I guess so? I guess there definitely is an added pressure when you’re dealing with black subject matter. Not only do you want it to be successful, but you want people to dig it. The truth is that in terms of “black movies”—and I put black movies in air quotes—in terms of movies that are about the experiences of black people or made by black people, there has been so consistently one or two kinds for so long that any attempt to do something other than that, there’s a fear that, “What if people just don’t get it because they haven’t seen anything like it in a really long time?” There’s that fear, too. There’s the same conversation that I think black artists have been having since the Harlem Renaissance, of like, “Is it OK to air the dirty laundry about the black experience?” I mean, if white people are watching this, shouldn’t we always put forth incredibly positive images of black people and successful and happy and beautiful and clean and pretty and intelligent versions of ourselves?

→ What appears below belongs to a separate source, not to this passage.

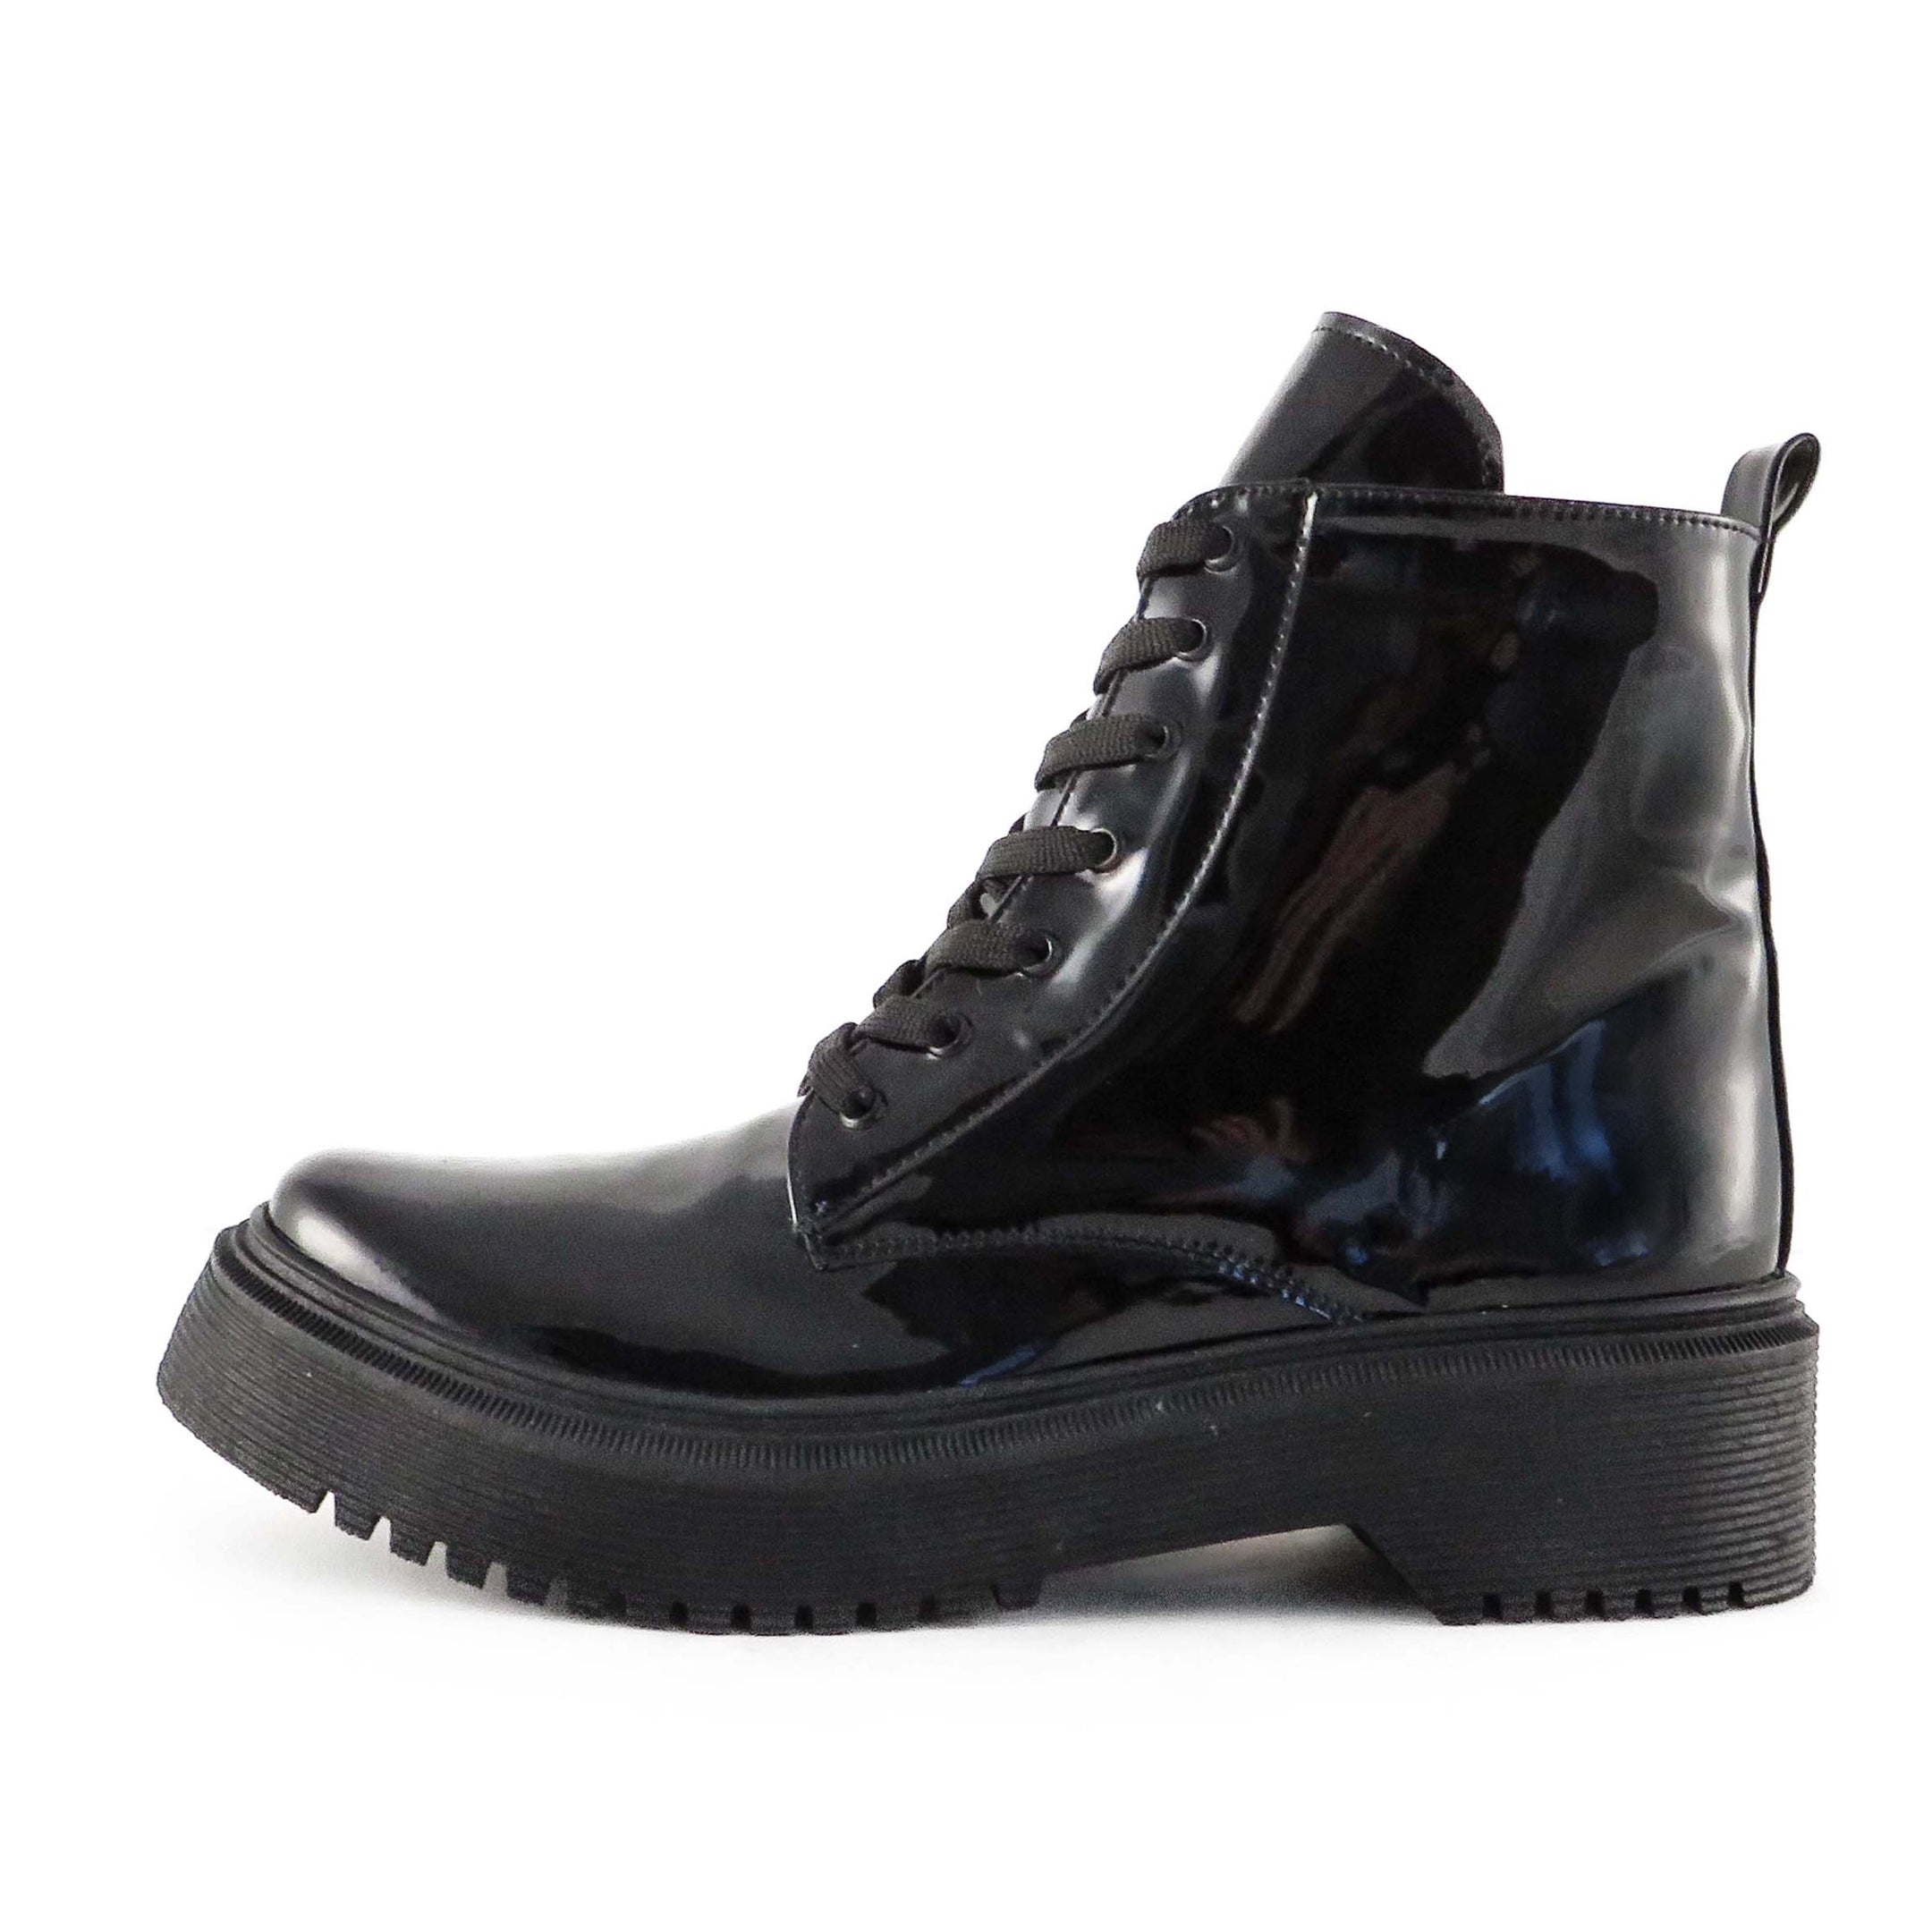 Buy Women's Lunar Combat Boots Patent Black by Nest Shoes

There are lots of pressures. But ultimately, while I think that there is some responsibility to do with representation, my responsibility tends to lean more toward being authentic and saying something truthful, saying something about the human experience, holding the mirror up, challenging… Those are the kinds of films that I want to see. And no matter what the subject of my films are—whether it’s the black experience or not—those are the kinds of movies I have to make. Movies that sort of say something about the human condition.

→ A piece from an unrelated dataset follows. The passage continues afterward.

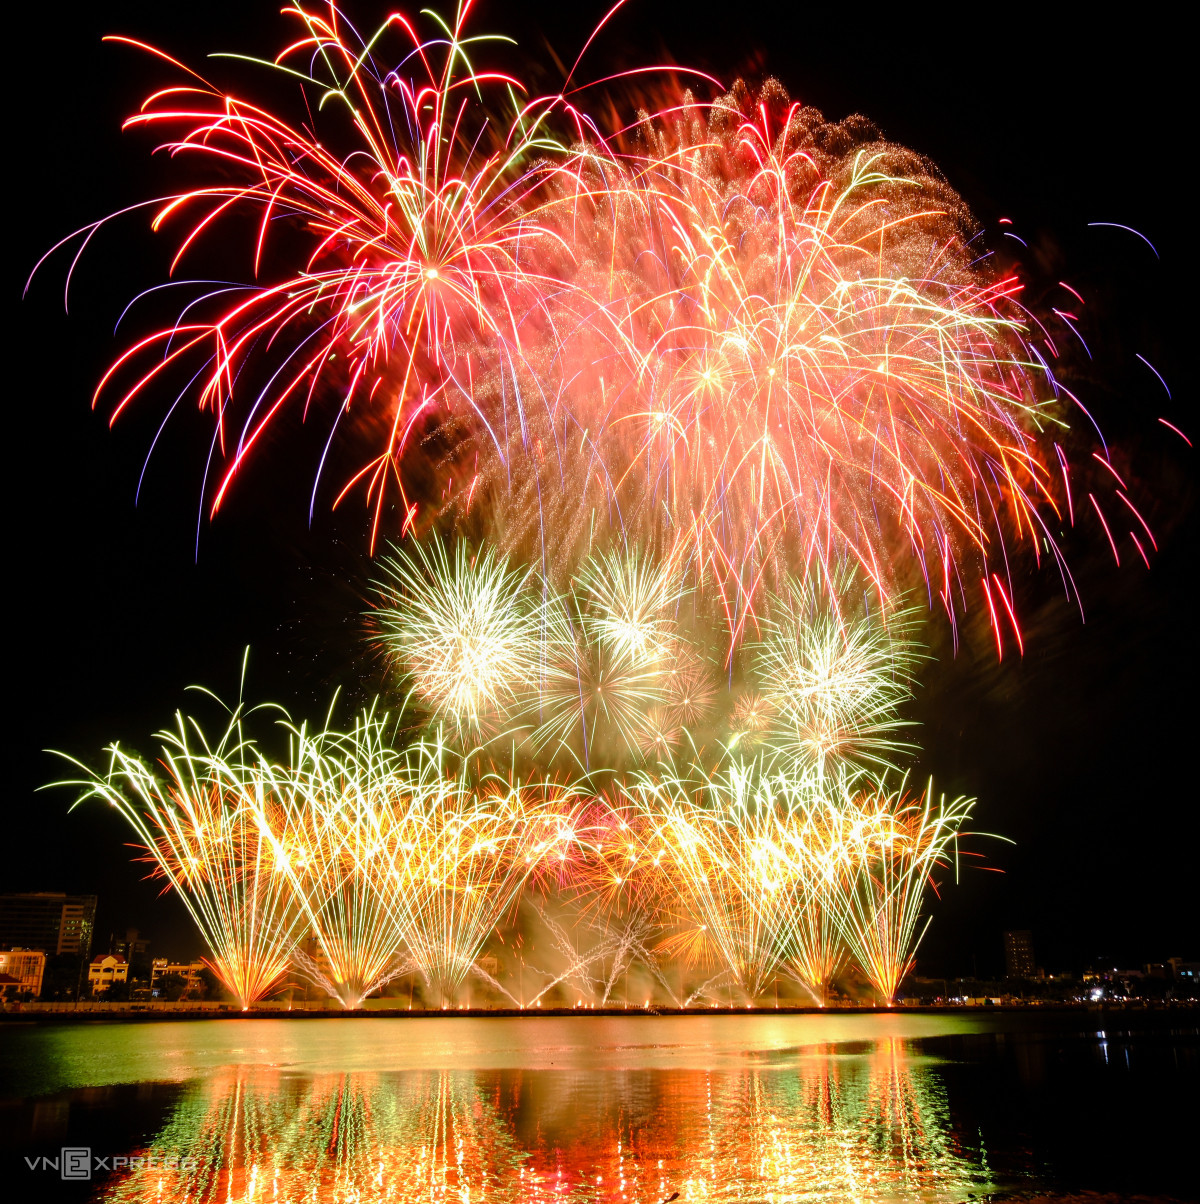 France wins Da Nang International Fireworks Festival

Just to go back to how we started with identity and whatnot, is there a third way? With my reading of the film, I felt like you were saying there is a third way. You don't have to be incredibly, fiercely protective of your black identity, but you don’t have to completely whitewash yourself. Is there a time—post-Obama—where we won't have to say, “This is a black movie.” We can just say, “This is a movie with black people in it.” Because I feel like we’re still not there. We’re still having these interviews where it’s like, “So you made a black movie.” White people can go see your movie, and they should.
I think the third way is to embrace the contradiction and to show up as yourself. This movie is me showing up as myself, you know? Necessarily, the movie is going to be considered a black film because that’s the paradigm that we’re in. Maybe three films from now, it won’t be, and maybe we’ll see it differently. I don’t know. But at a certain point, it’s not really up to me what the culture decides, how the culture decides to define this film, or film in general. But it is up to me what kinds of things I want to contribute to the culture. This idea of either rebelling against or assimilating into—that dichotomy that those are the only two choices we have—is why we get so stuck and so caught up. This movie wouldn’t have been the same movie if I decided to get caught up in only one of those two. So, this movie for me is a middle way.